I actually think this is a pretty fair review, given the reader’s preferences. And I think that giving it two stars was honestly probably generous. But it’s still by far one of the most negative reviews I’ve received.
After browsing a bit more, I found this review of Firmament: Radialloy:
“I gave it 25% before I gave up on it. The collision of a merchant ship with an asteroid at “warp 8″ instead of vaporizing the ship, and asteroid, yielded no significant damage, or injuries, just some “malfuctions”.. “Propulsion” which should be a force, was treated like a speed. Totally ignoring physical laws(Google Newtons Laws). And the characters were barely developed.”
Again, this isn’t a mean or nasty review. This is a guy who knows a whole lot more about science than I do and who is severely bothered by unrealistic elements (though for the record, I have my own warp formula that is different than Star Trek, and I don’t see why I can’t call speeds propulsion if I like, but anyway…).
What was especially interesting to me in reading these posts was my reaction. I am not a person who is especially graceful at receiving criticism (unfortunately), but these reviews didn’t really bother me. Why?
Because I’m confident in my target audience.
There’s a fable in Aesop featuring a father and son going to town with a donkey. At first they walked beside the donkey, but then people mocked them for walking when they could ride. So the man put his son on the animal, but then passers by complained that the son was disrespecting his father by riding while the old man walked. So the man made the boy get down and mounted the beast himself, but some women along the road protested that the father was making his little child walk while he road in comfort. Eager to please, the man pulled his son up with him, then a fellow nearby expressed outrage at how heavily they was burdening the poor donkey. In a final attempt to satisfy, the man tied the legs of the animal together and carried it over a bridge into town, upon which proceeding the poor ass broke free of its bonds, fell into the river, and drowned.

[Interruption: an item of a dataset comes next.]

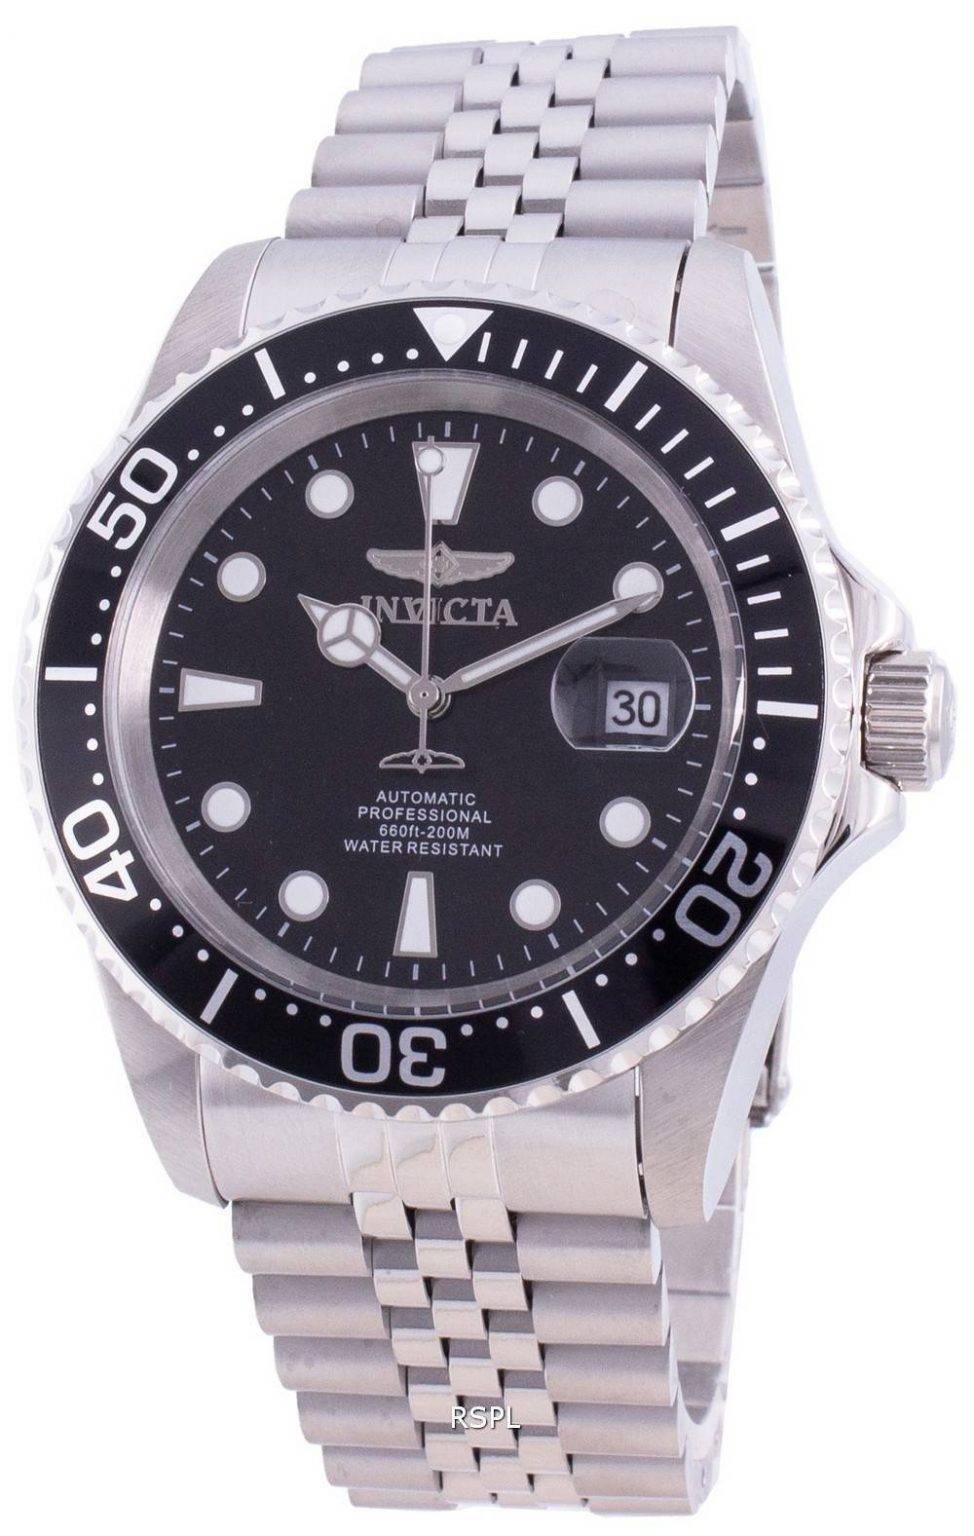 Invicta Watches - Invicta Watches For Sale | Downunderwatches.com

The moral, Aesop kindly states, is that in seeking to please everybody, one pleases nobody.
The fact is, I didn’t write Never for non-Christian adults and I didn’t write the Firmament series for knowledgeable science geeks. I wrote them both for Christian young adults. And all the Christian young adults who have read them so far have more or less enjoyed them. If I had seventeen-year-old homeschoolers and young science-fiction fans saying my books were lame and unrealistic, I’d have reason to worry. But that hasn’t happened. So the fact that some people outside of my target audience really, really dislike my books honestly doesn’t bother me.
That’s not to say I shouldn’t work harder on my science or take into account the shared opinion that my characters could use work. But at this point, my main concern is turning out enjoyable Christian books for teens and young adults. If I’m accomplishing that, I’m happy.
Know your audience. You can’t please everyone, so decide who you want to please and focus on that. Ride, or walk — but don’t try to do both.